LETTER: An effort to suppress voting
by Richard Leman Honokaa, Hawaii · Las Vegas Review-JournalI read with interest your editorial on forcing Senate Democrats to go on record opposing voter ID requirements. The poll you cite does reflect decreased confidence in the integrity of U.S. elections. However, the evidence suggests this isn’t because of fraud. Rather, it reflects widespread disinformation spread by President Donald Trump, his administration and his followers.
For U.S. citizens 18 or older, voting is a right, not a privilege. We need to defend that right, not deny it to those less well-off who can’t afford a passport or to the 20 million Americans who don’t have access to their birth certificates.
Numerous studies demonstrate that voting fraud in the United States is exceedingly rare. The Heritage Foundation has searched earnestly for fraud in multiple elections in multiple states.
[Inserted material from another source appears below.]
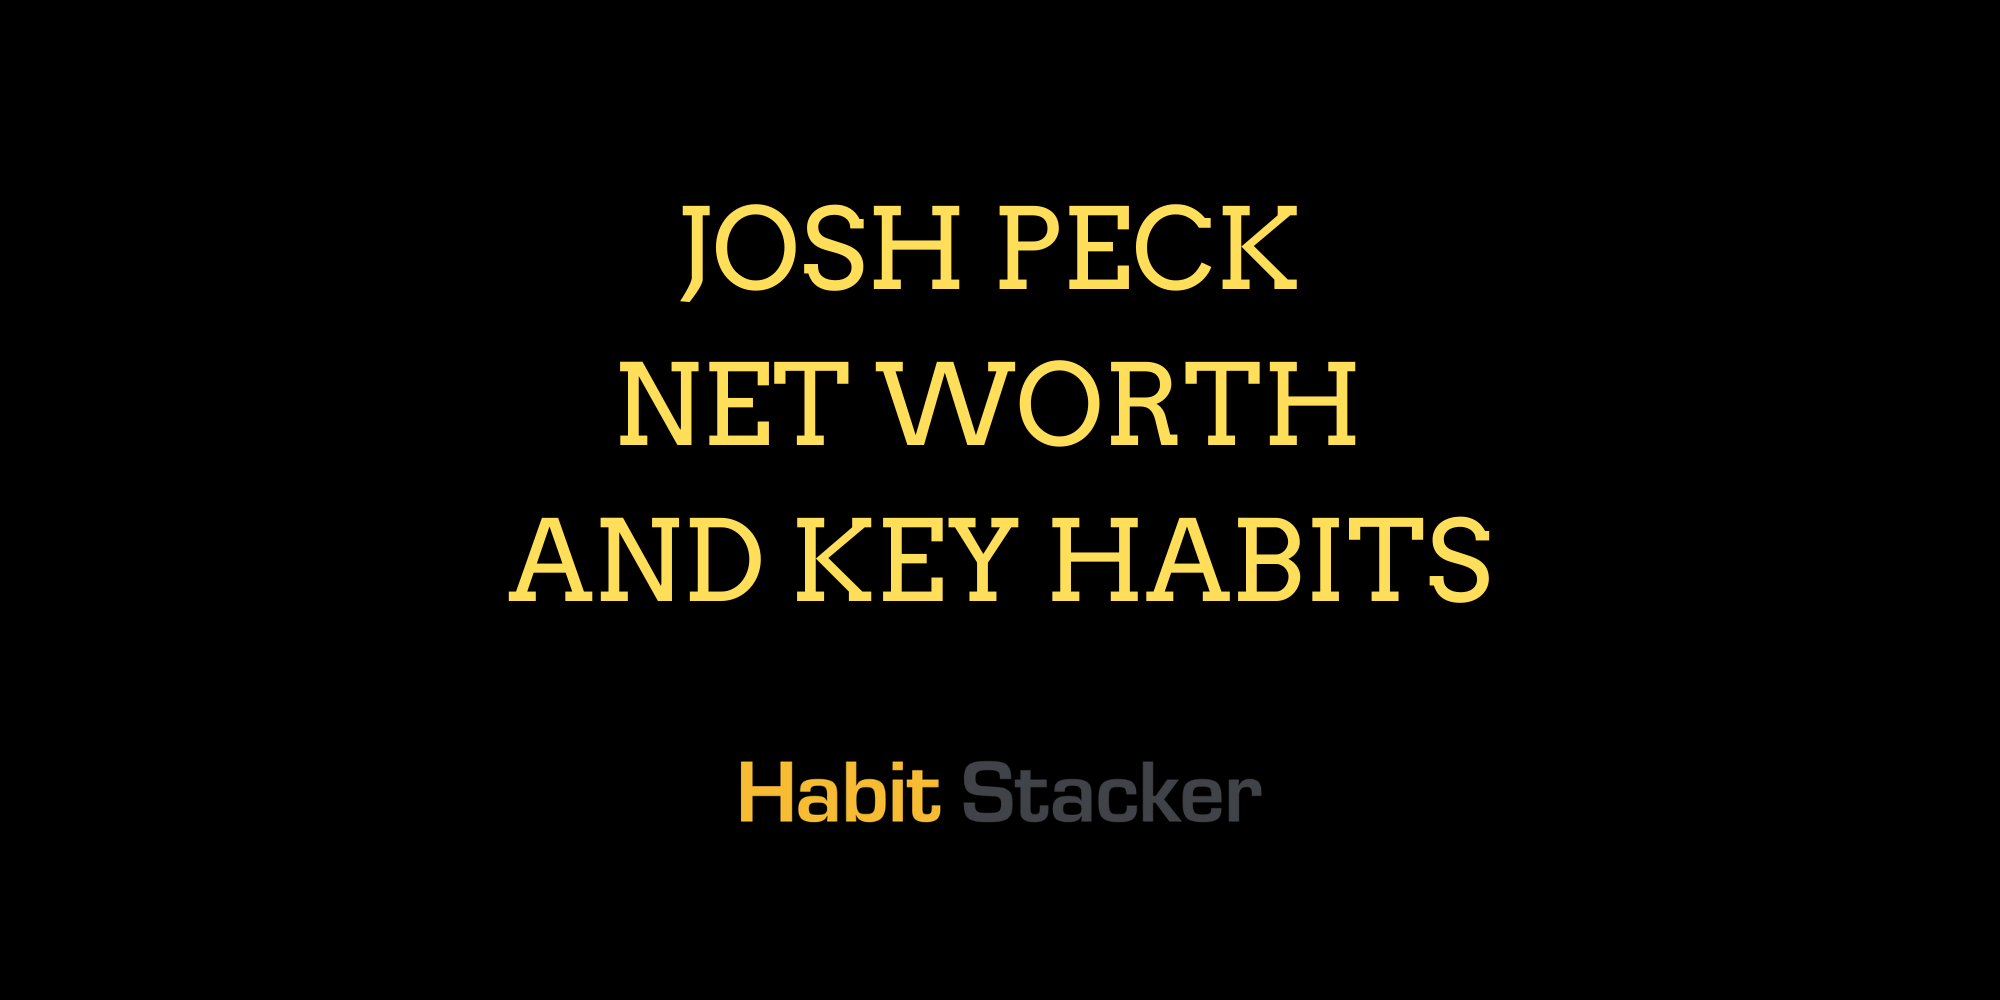 Josh Peck Net Worth and Key Habits

In Arizona, looking at 36 elections with more than 42 million votes cast, it found 36 examples of fraud. In Nevada, scrutinizing 14 elections over 13 years, involving 8.5 million votes, it found eight possible cases.
The Trump administration’s efforts to require presentation of a birth certificate or passport for voter registration are not about fairness or ending the vanishingly small risk of election fraud. They are, rather, an attempt to suppress voting by citizens who might not support the Administration or its agenda.
Sen. Chuck Schumer and others have used extreme metaphors on this issue. Nonetheless, the rights of Americans — even low-income or otherwise disadvantaged Americans — to vote should not be infringed. That is the main issue here, not political liabilities.
Congress, one hopes, can move beyond attempting to trap opponents into embarrassing votes, or attempting to suppress voters with whom they disagree, and instead get back to running the country effectively and protecting the right of all American citizens to vote.